Dave Turcotte demande au ministre de la Santé, Gaétan Barrette, d’intervenir auprès de la compagnie produisant le Spinraza afin qu’elle diminue ses prix, et «d’agir rapidement».

Pétition de 15 000 noms pour un traitement contre une maladie rare

Une pétition de pas moins de 15 000 signatures réclamant la couverture publique d’un coûteux médicament pour les personnes atteintes d’amyotrophie spinale a été déposée jeudi à l’Assemblée nationale.

Accompagné d’enfants atteints d’amyotrophie spinale et de leurs parents, le député de Saint-Jean et porte-parole de l’opposition officielle pour les dossiers touchant les médicaments, Dave Turcotte, a demandé en conférence de presse que soit revue la décision de ne pas rembourser le Spinraza, un médicament offert dans plusieurs pays «et dont l’efficacité et les bénéfices sont reconnus».

L’amyotrophie spinale, qui touche environ 250 personnes au Québec, est une maladie dégénérative qui attaque les muscles. Le Spinraza améliorerait les capacités motrices et respiratoires des personnes atteintes, en plus de réduire la progression de la maladie, a-t-on souligné jeudi. 

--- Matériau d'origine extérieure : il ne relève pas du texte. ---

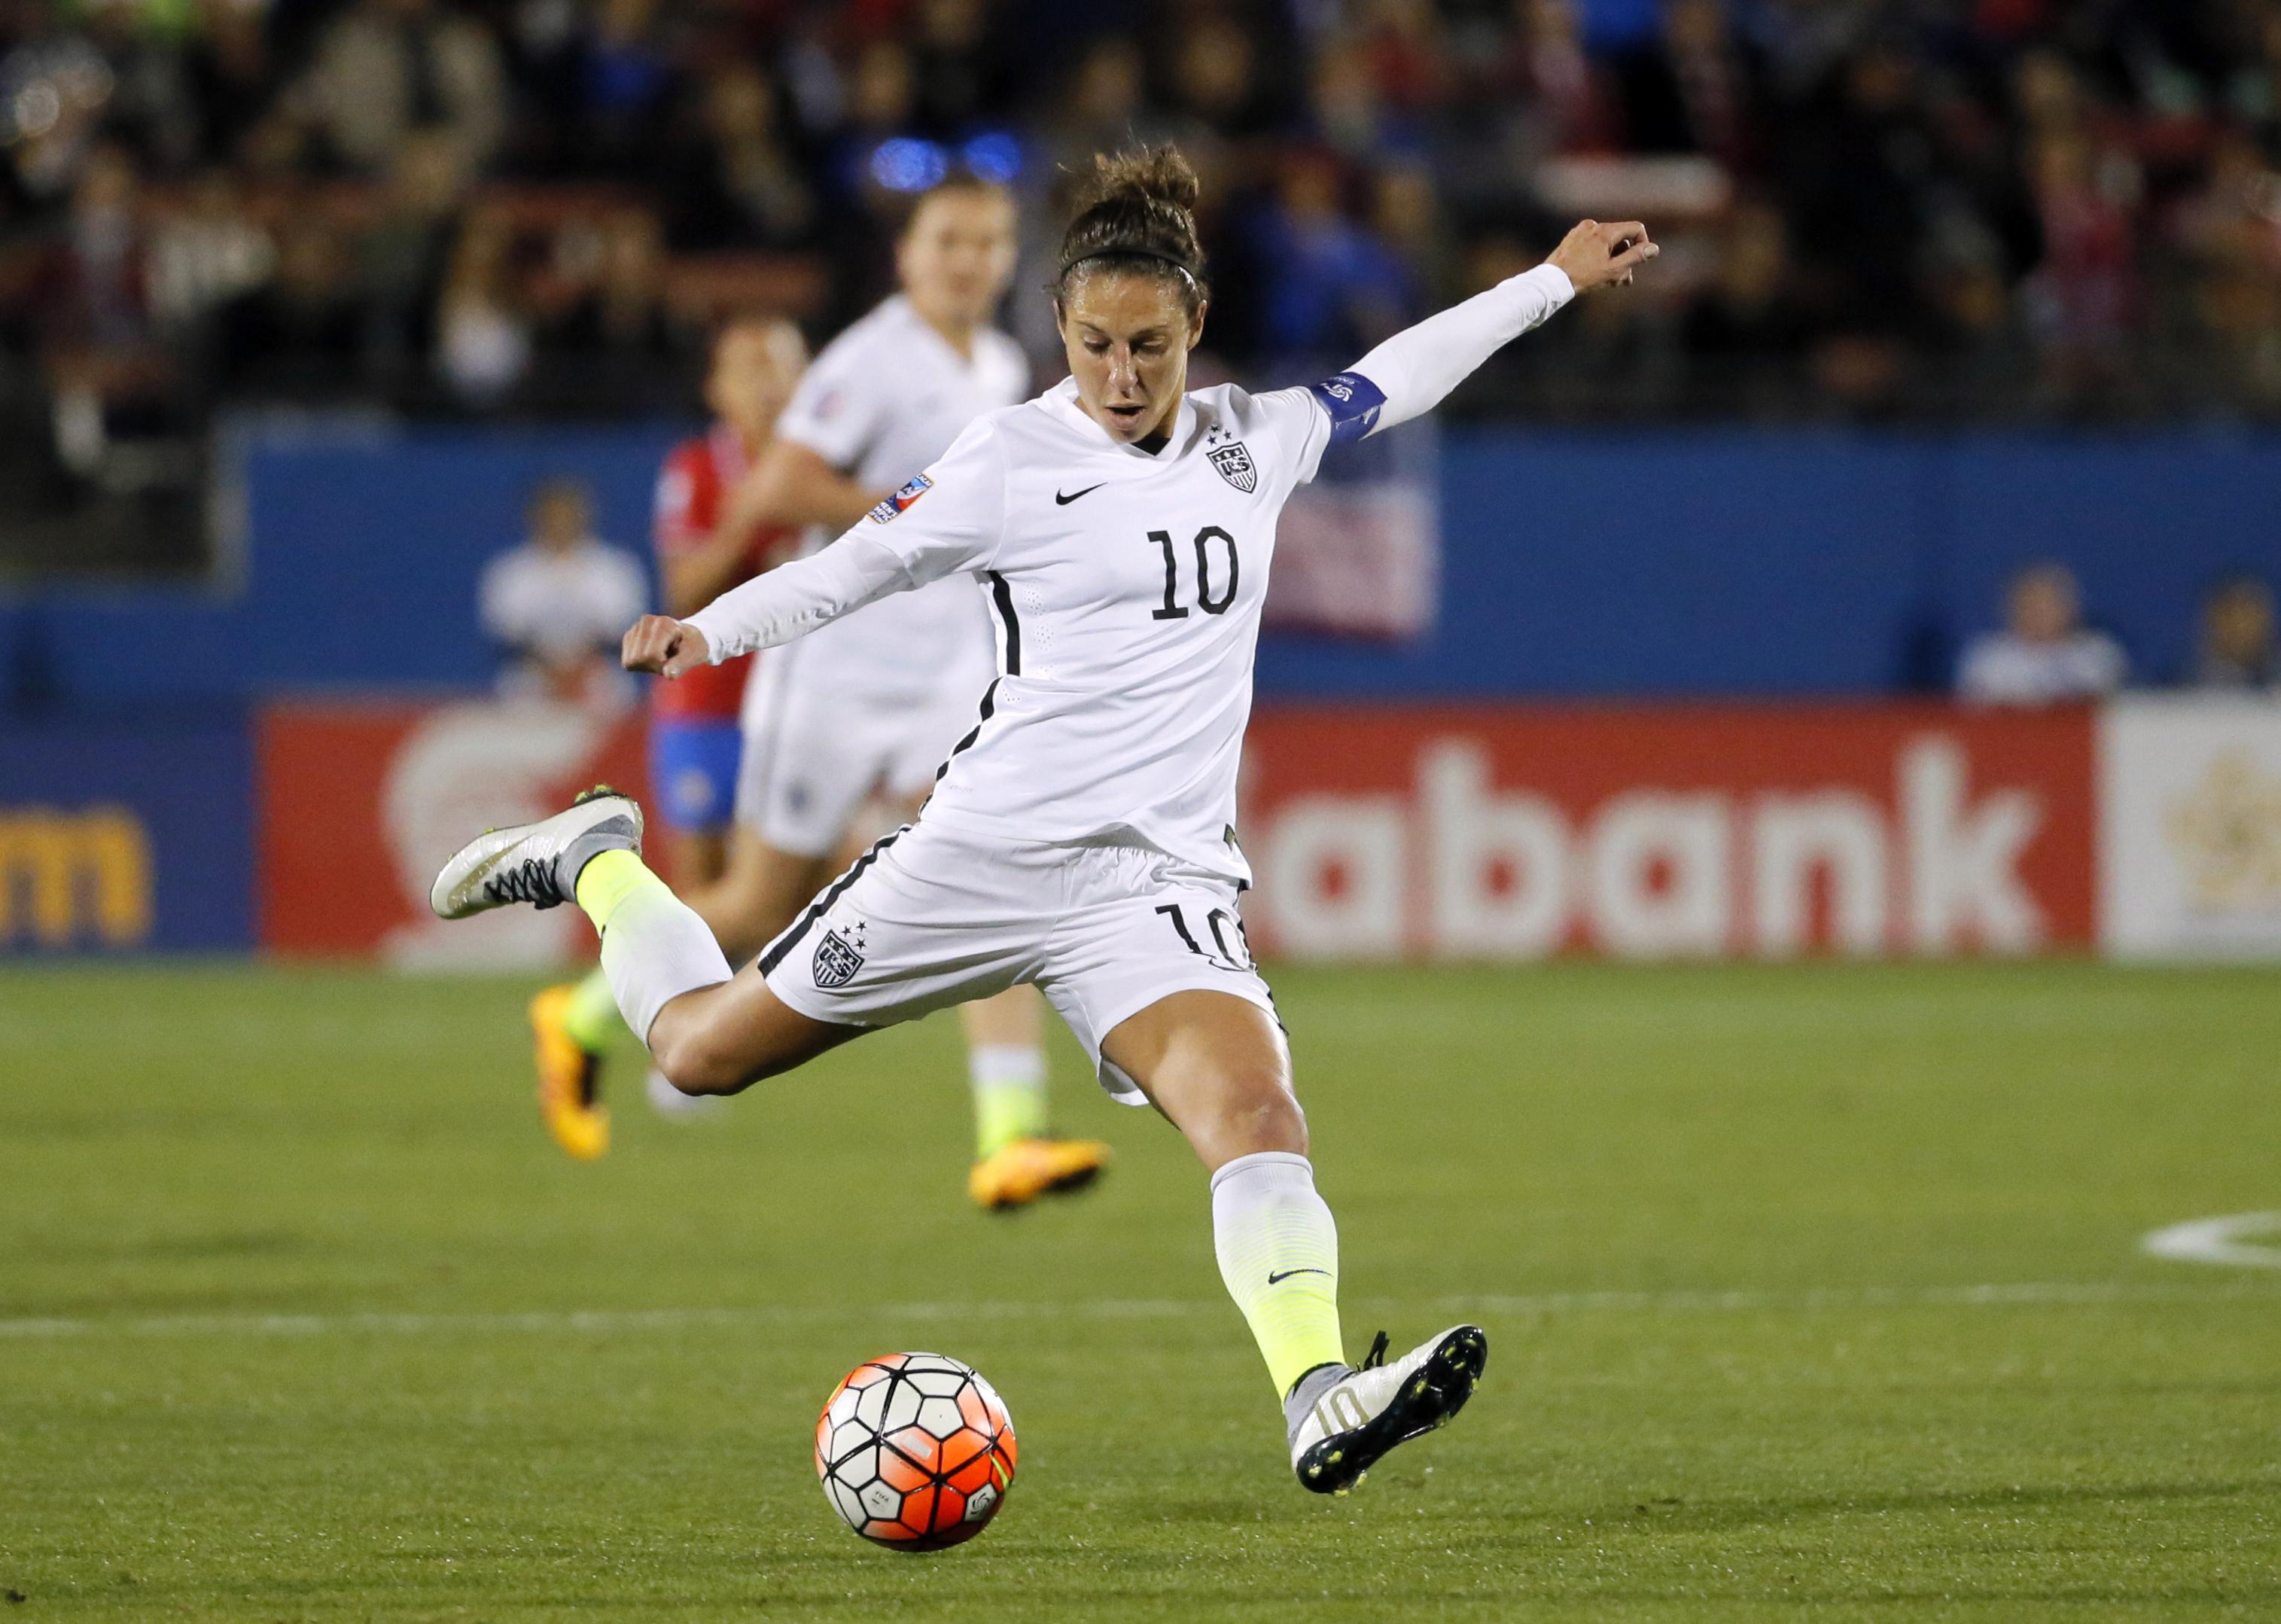 Carli Lloyd kicking soccer ball during game (© AP Images)

Le problème, c’est que le médicament est excessivement coûteux. Dans un rapport publié en décembre, l’Institut national d’excellence en santé et en services sociaux (INESSS) calcule que l’impact budgétaire net de l’inscription de ce médicament serait, au cours des trois prochaines années, d’environ 9,3 millions $ sur le budget des établissements. 

«Dans une perspective de justice distributive, son remboursement ne constitue pas une décision responsable, juste et équitable, compte tenu des prix soumis par le fabricant», a tranché l’INESSS.

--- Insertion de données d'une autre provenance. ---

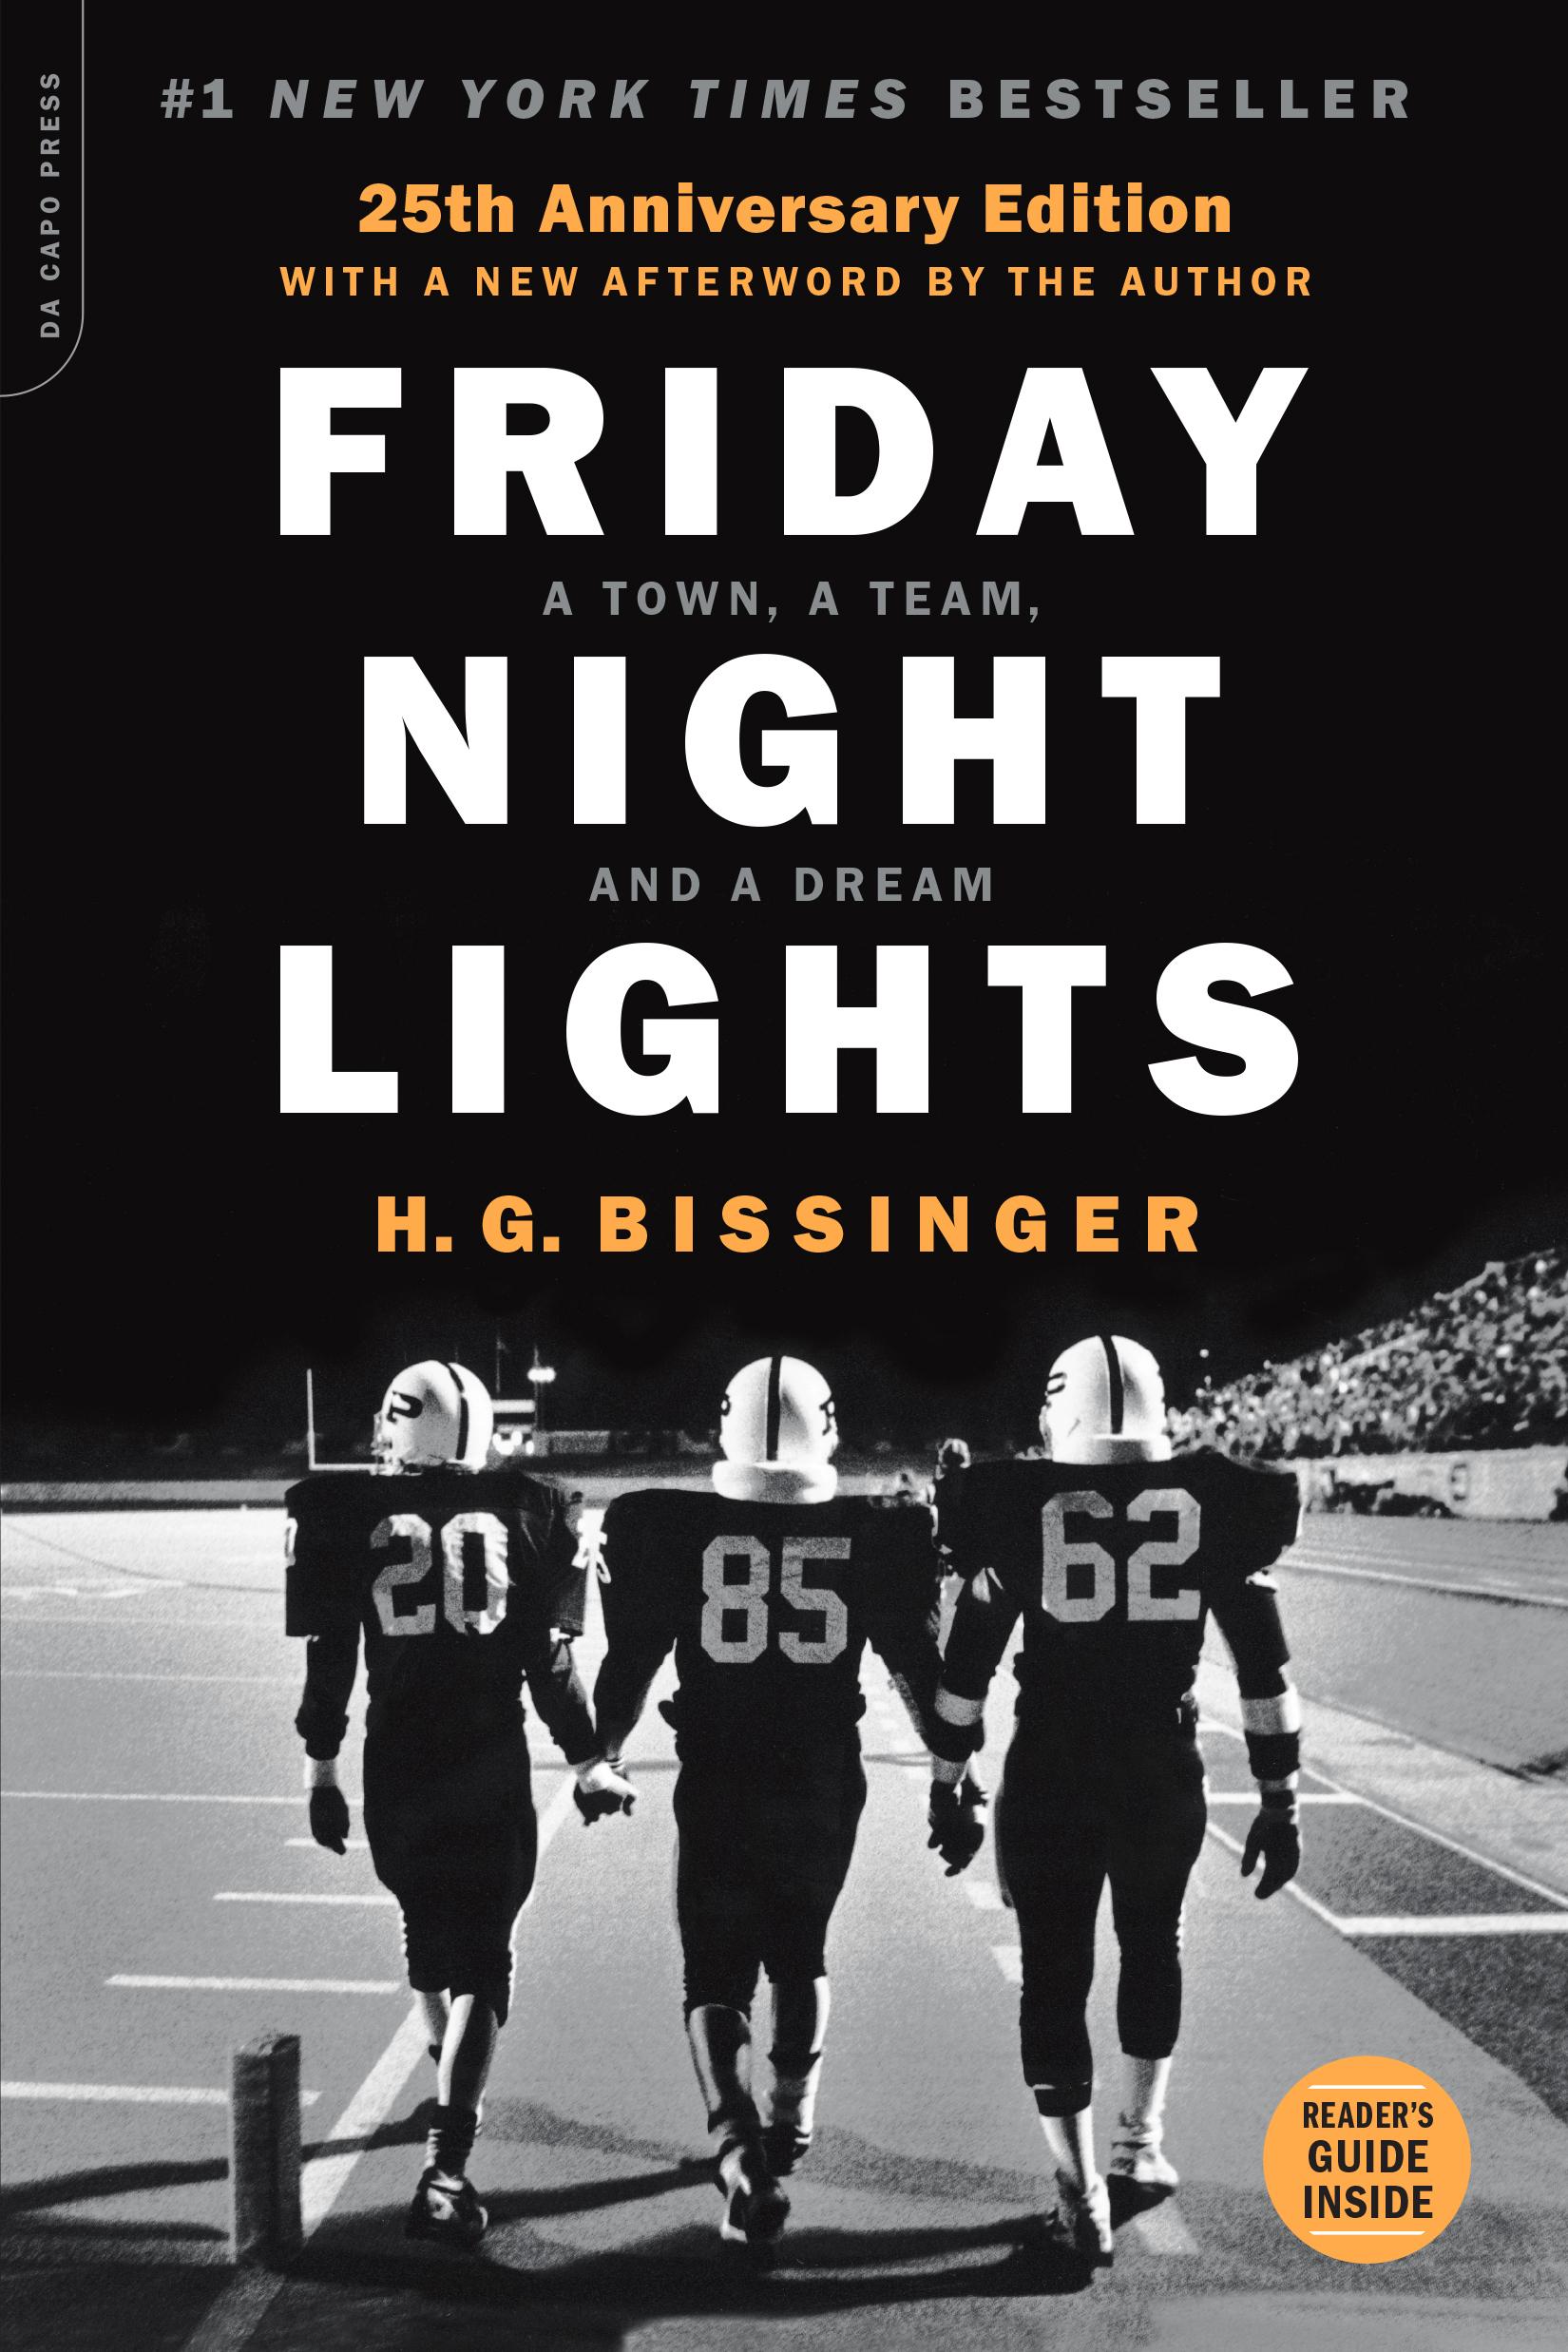 Friday Night Lights: la copertina del romanzo in occasione del 25esimo anniversario

Dave Turcotte demande au ministre de la Santé, Gaétan Barrette, d’intervenir auprès de la compagnie produisant le Spinraza afin qu’elle diminue ses prix, et «d’agir rapidement», car «plus le traitement est administré tôt, plus les capacités motrices et respiratoires sont préservées».  

Selon lui, financer le Spinraza est «une question de justice». «Aucune raison ne vient justifier qu’on discrimine les patients atteints d’amyotrophie spinale», estime le député de Saint-Jean. 

Atteint de cette maladie, Jean-Philippe Turcotte a réclamé jeudi l’accès au Spinraza «pour avoir enfin l’espoir d’être un peu autonome et de contribuer à la société québécoise». Il est difficile de se voir dépérir ou de voir son enfant dépérir «quand on sait qu’il existe un médicament pour contrer ça», a-t-il plaidé.